HP wanted me to run diagnostics and send them reports so I scheduled an outage for Tuesday afternoon/evening. I figured that before I ran (potentially destructive) diagnostics I should maybe try to get some copies of the VM clients. See, I tend to treat each VM client just like any other server when it comes to backups. They all run backup software and enjoy nightly data backups. I’ve just never taken advantage of the fact that the VM client is really just a pile of files. And hey, if I lose the array I’d sure rather recover from an image of the server and then restore backups vs. building an all new server, patching it and then restoring from backups.

Don’t worry: I was shutting each machine down before trying to copy it.

I fired up  the vSphere Client app and ran the built in Datastore Browser. From there it is pretty simple to copy the machine directories. Simple and painfully slow! While looking for other options I stumbled over an article about enabling SSH on ESXi servers.

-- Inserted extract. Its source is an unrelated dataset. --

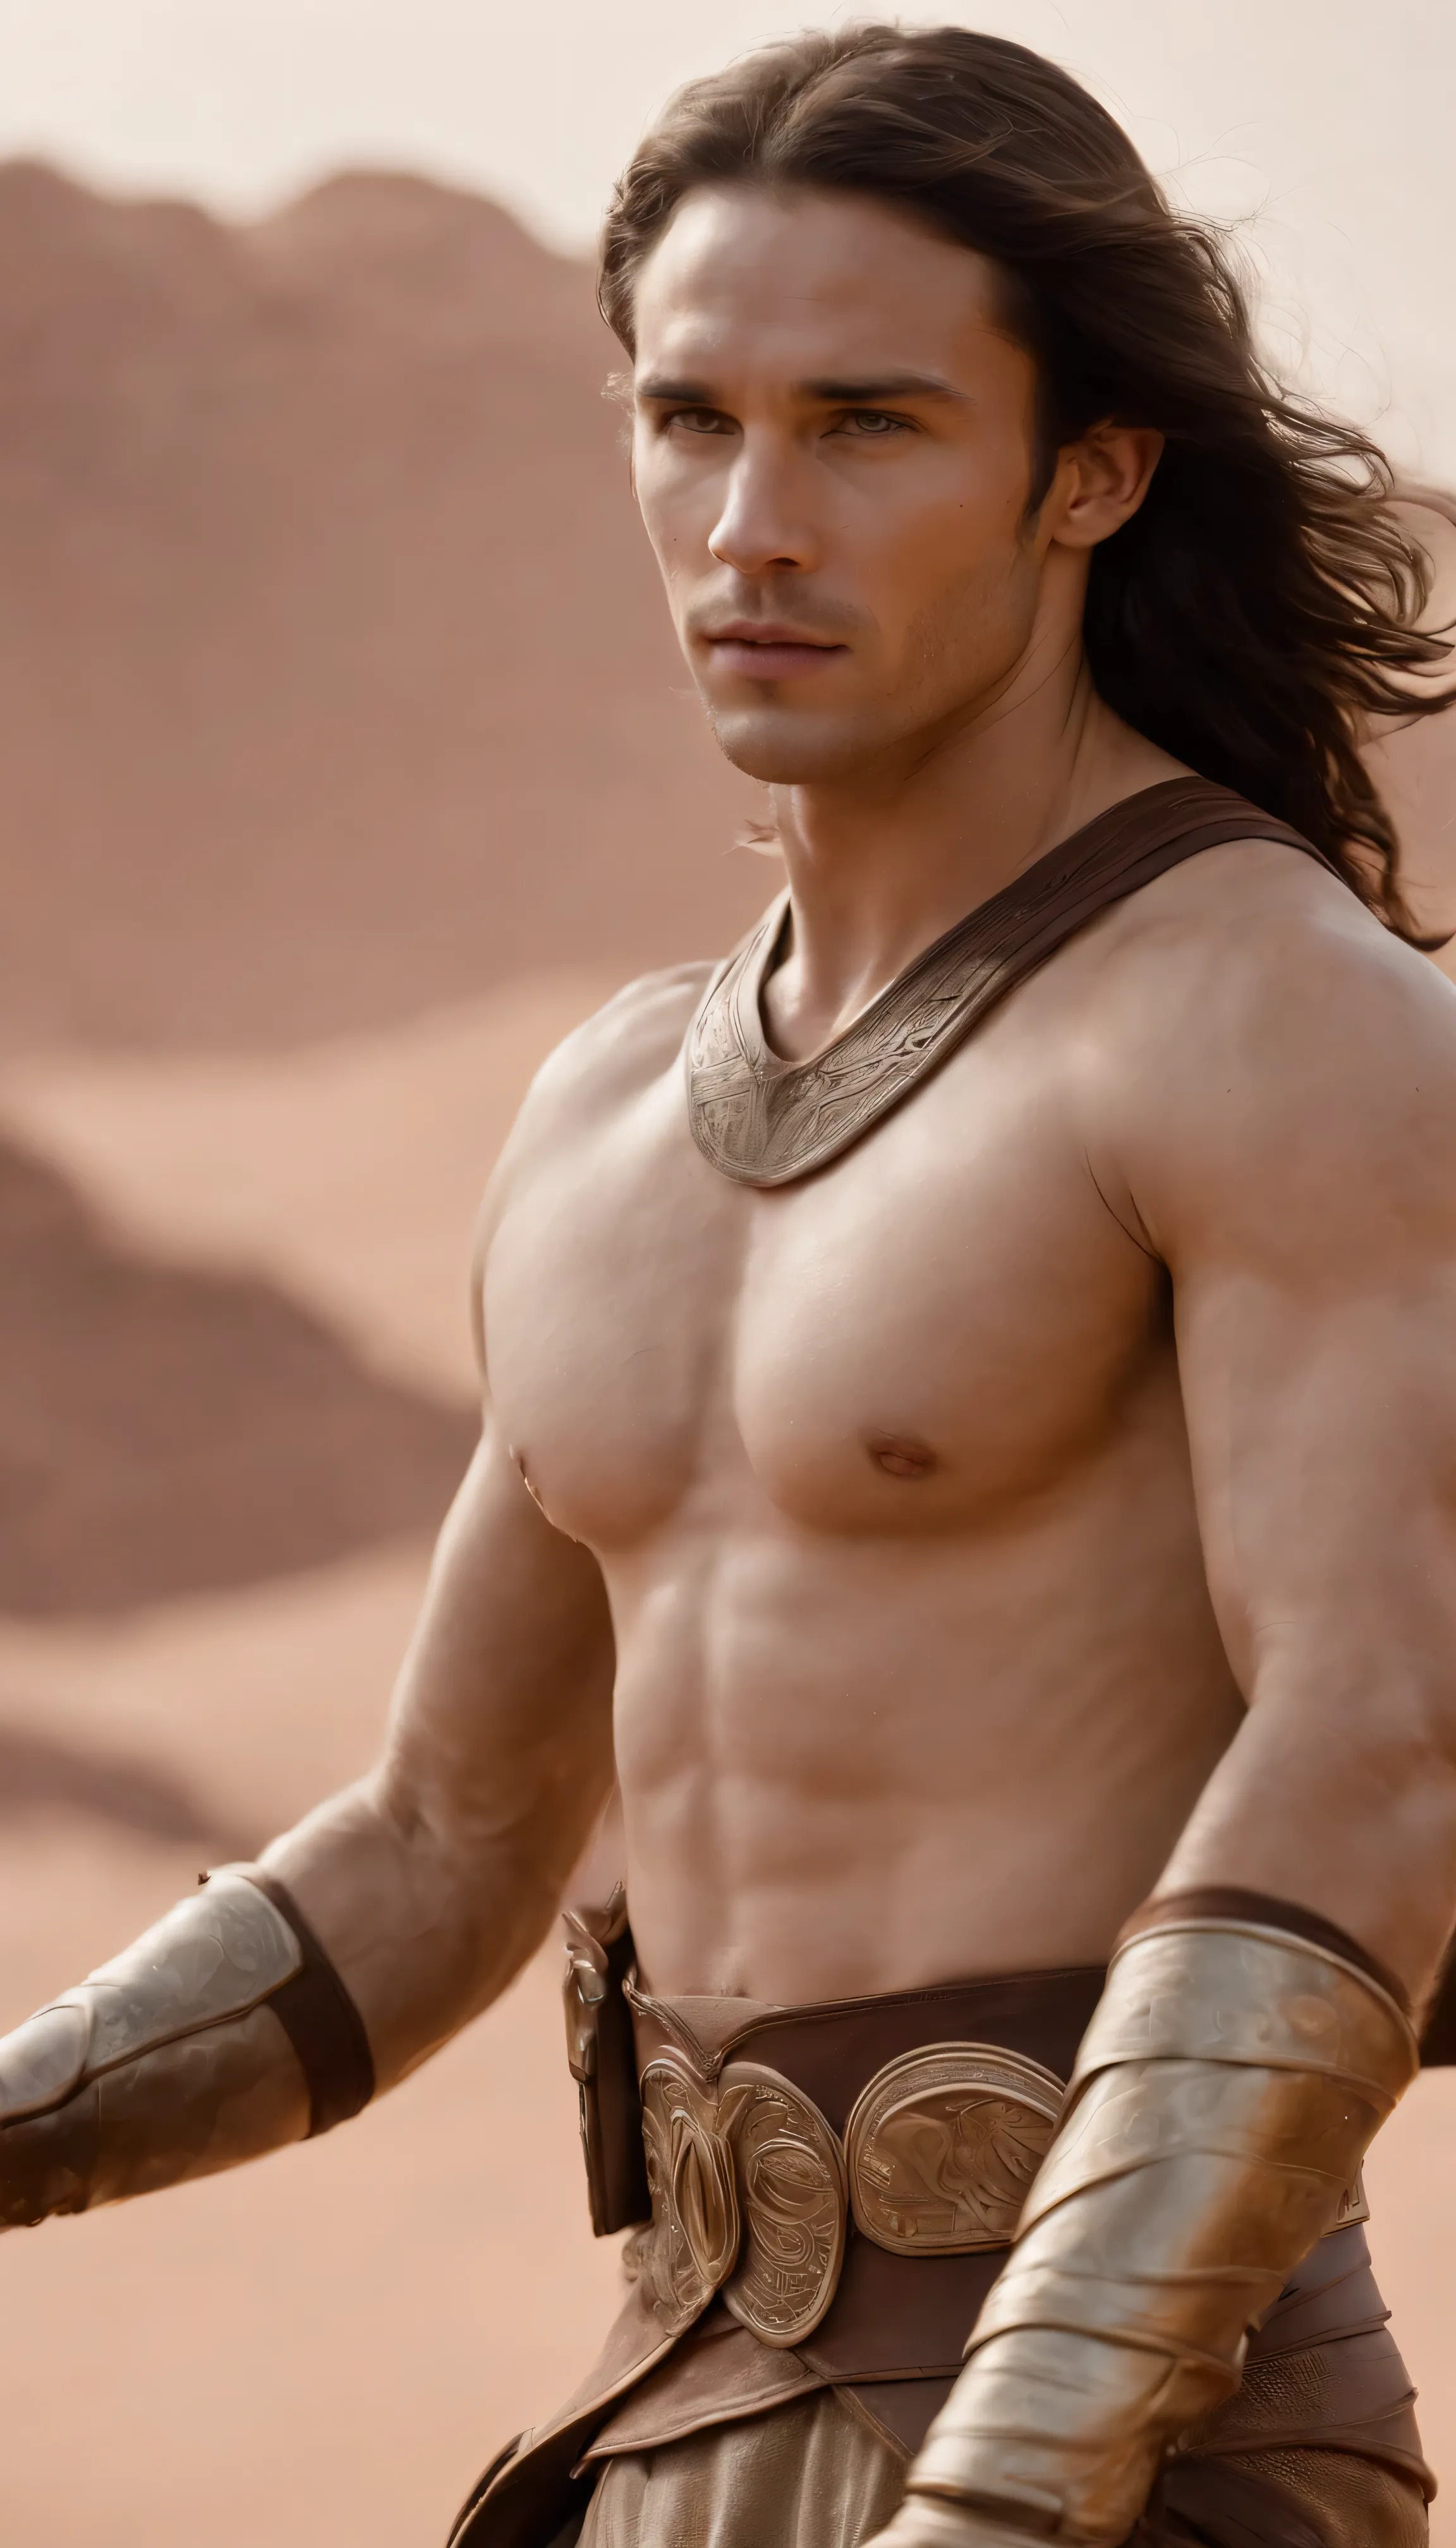 Cinematic masterpieces「John Carter」High-definition images include、The protagonist, Taylor Kitsch、The video shows the sleek, futuristic hoverbike cruising through space in style.。Deeply carved features and lively eyes、It captures the essence of adventure across a far-flung planet.。Taylor Kitsch face details，Powerful scene

Tip: While on the console of your ESXi server hit alt + F1 and type “unsupported” and hit enter. You won’t see while you’re typing that but this will get you into the unsupported “Tech Support Mode” console. Very handy.

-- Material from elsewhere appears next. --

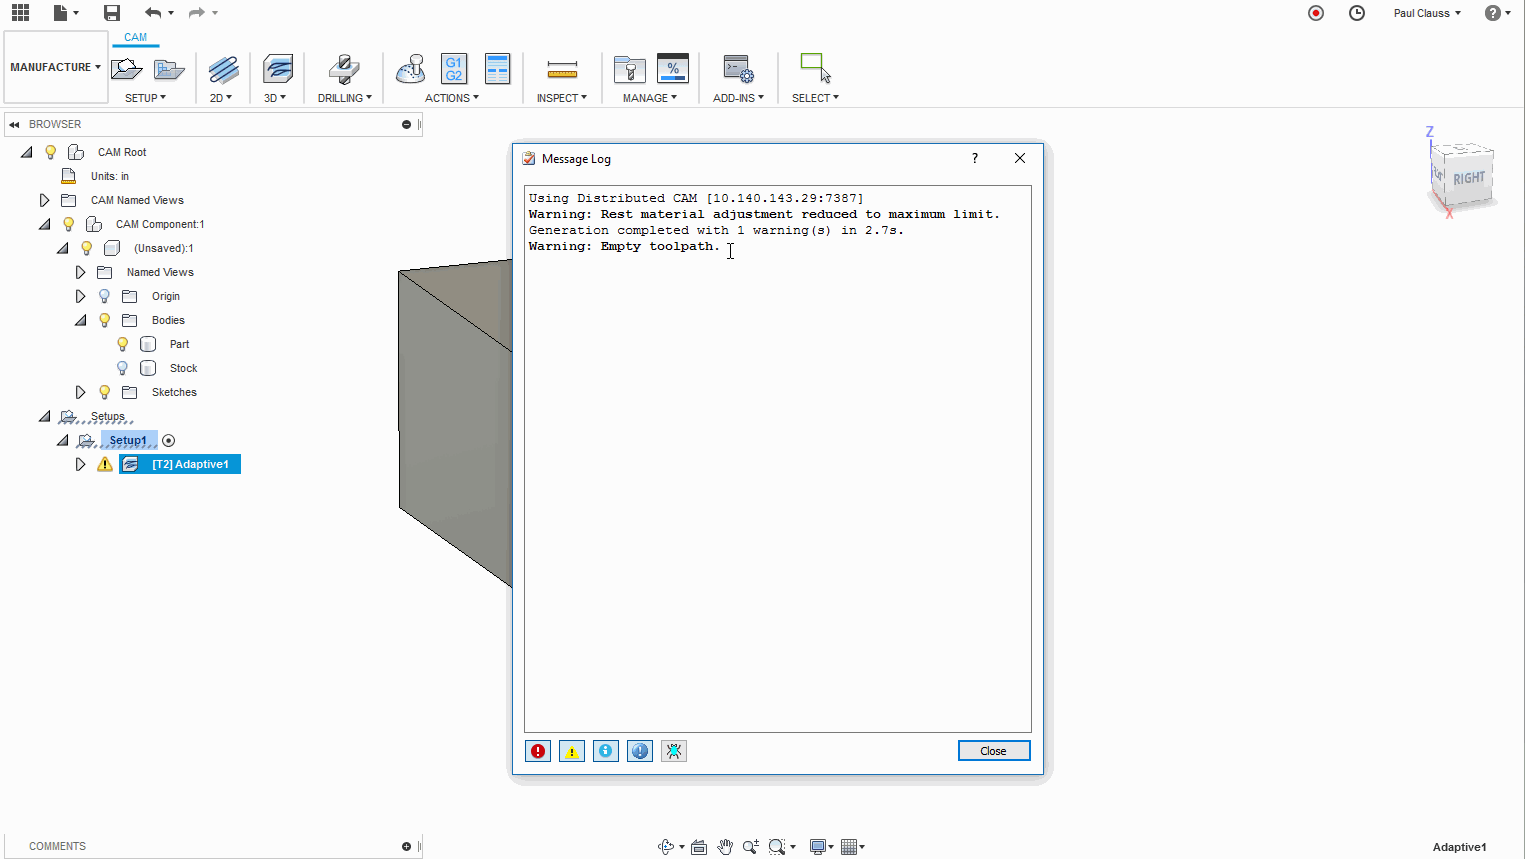 Empty Toolpath" and "No Passes to Link" in 360

Tip: If you inadvertantly type “exit” in that console it appears to shut down. Toggling between alt + F1 and (the default) alt + F2 won’t help. Instead, while on the “dead” console, hit a bunch of enters. I don’t know how many, but more than 3… then type “unsupported” and hit enter again. Back in business!

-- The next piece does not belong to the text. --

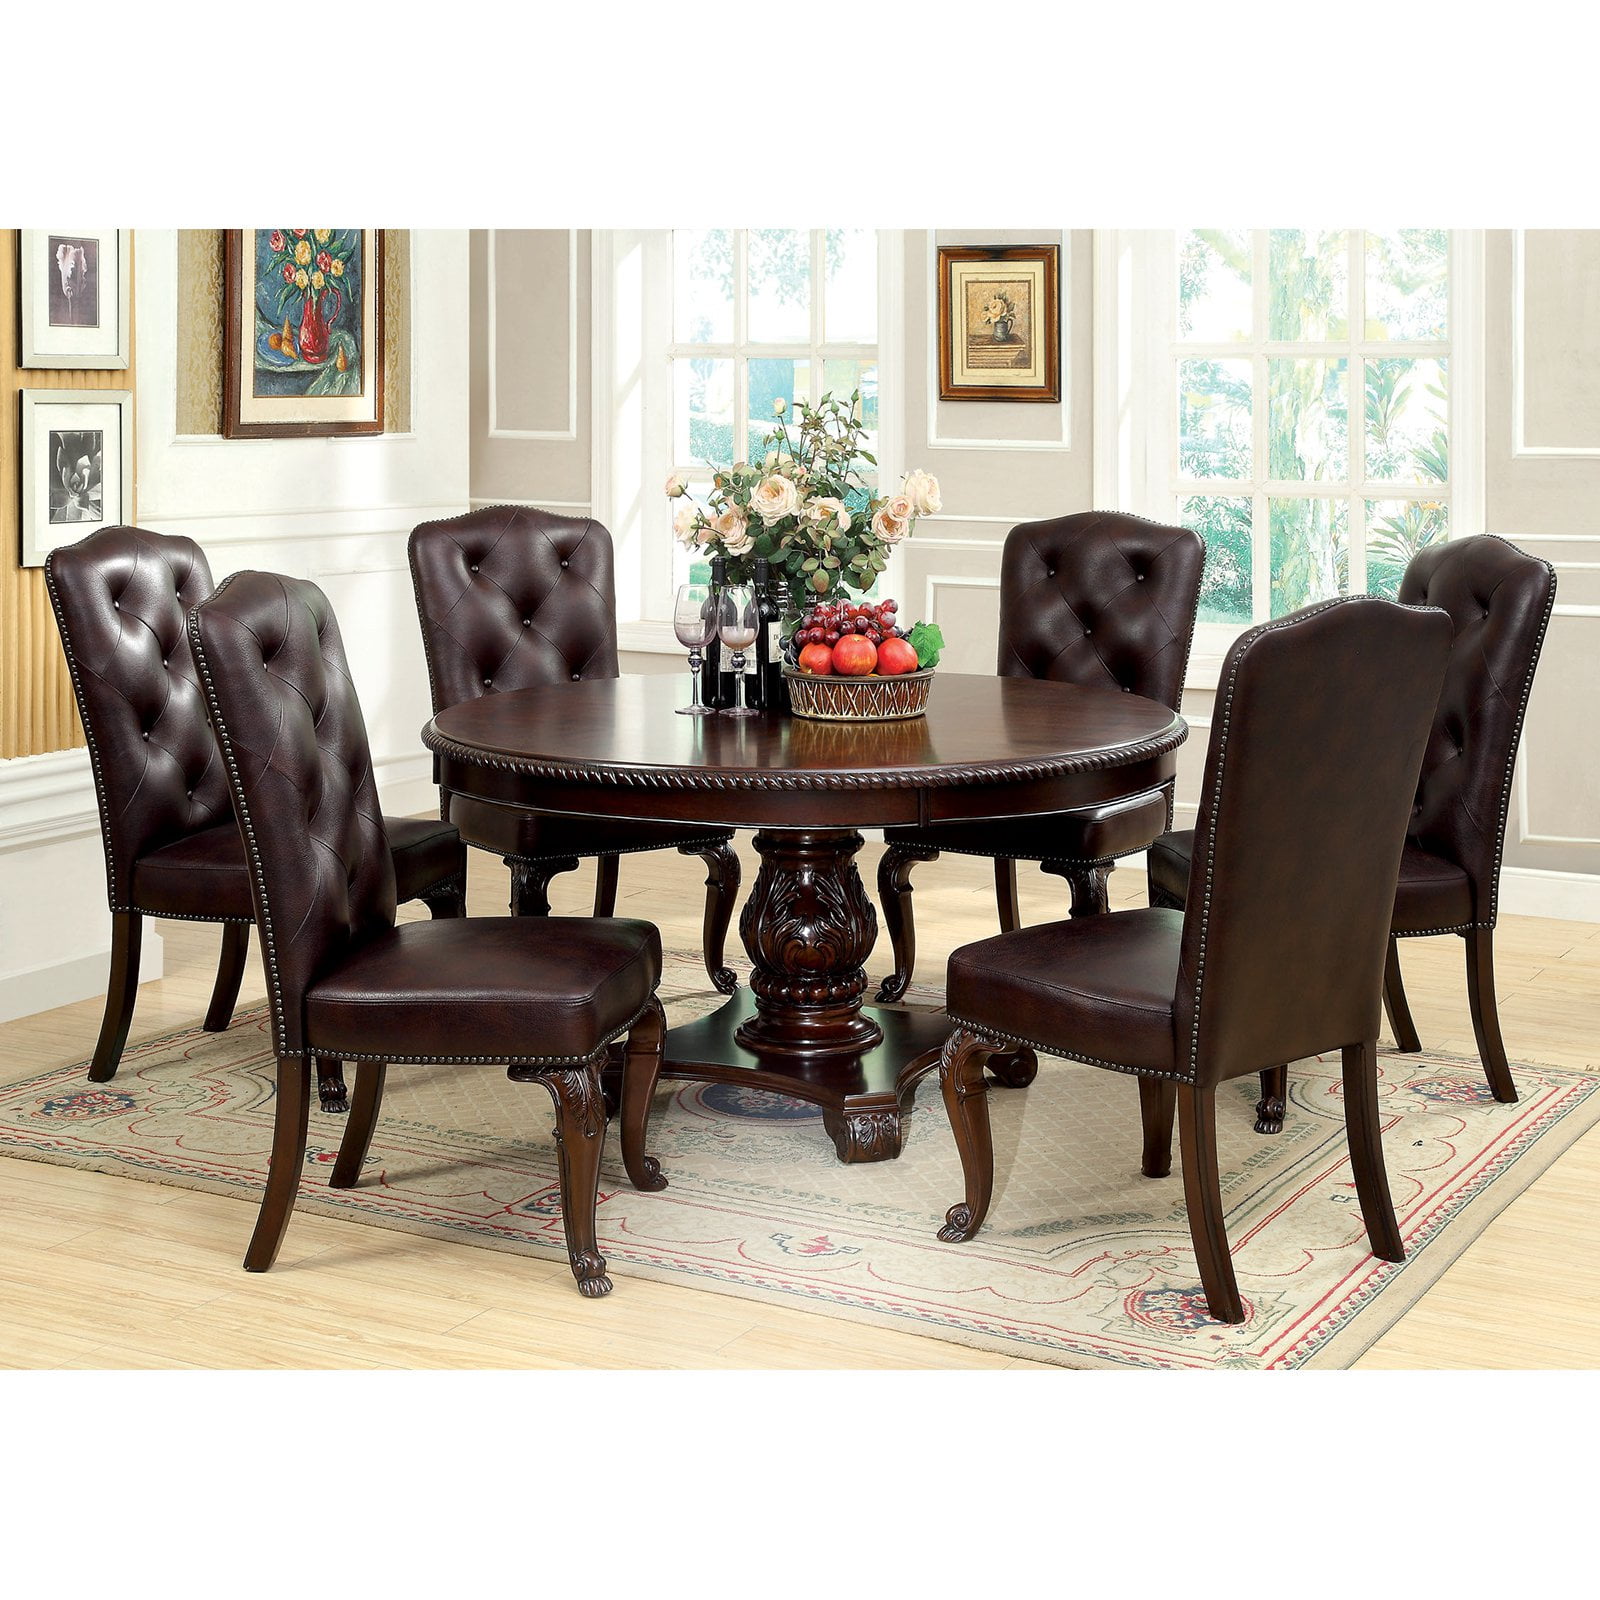 Berkshire 7 Piece Round Dining Set, Round Dining Room Table With Leather Chairs

Now that I had SSH working I fired up trusty WinSCP and tried pulling the files with it. Hmm, nope. That’s not any faster.

Tip: If using WinSCP, change the encryption cipher to Blowfish instead of the default AES for a bit of performance boost.

Some more digging turned up the fact that you can run an FTP server on the ESXi box. So, starting to panic about progress I gave that a shot next. Definitely faster but I wasn’t getting complete files. For one machine I might get a 20 GB .vmdk file, but then for the next I’d only get 9 out of 100 GB. It was inconsistent and frustrating since in some cases it would take an hour before crapping out. I tried watching the message log but it was so full of I/O errors that it wasn’t hardly worth using. At times it was scrolling by faster than I could read it!

Tip: Hit alt + F12 on the console to get to the ESXi “live” message log. You can scroll around all you want to examine errors but be aware that will stop the updates. Hit the spacebar when ready for it to resume updating.

I finally had to give up on copying server images. I just couldn’t get good copies and I’m sure it was related to the degraded drives (at least, I hope so!). I realized I was going to have to gut it out with the existing backups.

To run diags I had to boot the server from an HP SmartStart CD. While looking for a current version of that CD I stumbled over an update released last month: ** Critical ** Firmware CD Supplemental Online ROM Flash Component for Linux – Smart Array P400 and P400i. Huh. Critical, eh? I grabbed that update and added it to my bootable USB  key with the Smart Update Firmware DVD image.

Once booted from SmartStart I went into Maintenance mode and collected the array diag reports and then went to the Diagnostics and ran some complete diagnostics. The HP tech wanted me to run the complete 5 times… heck, it took over 2 hours to do it twice. I called that good enough. Saved every report option and then called HP back.

They reviewed the reports and agreed things did indeed look broke. Both drives were logging tons of hard read and write faults and S.M.A.R.T. was having fits (thus the predicted failure…). The also agreed that I should do that critical firmware flash. I did. They deemed that good enough and ordered me a pair of drives and a backplane card just in case it was a hardware fault (hey, I won’t turn down extra hardware!).

Now, I don’t know if was the reboots post hot-swap or that firmware update but when I brought the server back up I sure had a LOT fewer I/O errors in the ESXi log so that was progress. However, I still had two unhappy drives.

While waiting for the parts to show up I’d have a day to continue trying to get better client images.

(to be continued)

WhatsUp Gold Engineer’s Toolkit

30 Jun 2010
June 30, 2010

WhatsUp Gold Engineer's Toolkit The folks at Ipswitch released their WhatsUp Gold Engineer’s Toolkit this week. I was in the beta for the past month and find it a pretty handy ‘kit.

What I hadn’t realized was that they’d be giving it away for free when launched. Nice!

So hey, if you do any network work go get yourself a copy. It won’t replace any single specialized tool (like nmap) but it certainly bundles a lot of functionality in one application.

Here’s what you get:

  • Design & Planning
    • Subnet Calculator
  • Discovery
    • Ping Sweep
    • Port Scanner
    • MAC Address Discovery
  • Diagnostics
    • Ping
    • Trace Route
    • WAN Load Generator
    • Spam Blacklist
    • SNMP Grapher
  • DNS Verification
    • DNS Audit
    • DNS & Whois Resolver
    • DNS Analyzer
  • Remote Control
    • Wake On LAN
    • Remote TCP Session Reset

Each tool opens up in a separate tab so you can have multiple things going at the same time which is handy.

As a network engineer, at least part of your average workday is spent diagnosing and troubleshooting existing problems or investigating issues that could cause new problems. These activities often involve the tedious process of accessing individual network elements to gather information on device or subnet configuration and availability; interpreting that data; and then accessing the same elements again to provision or configure devices and services.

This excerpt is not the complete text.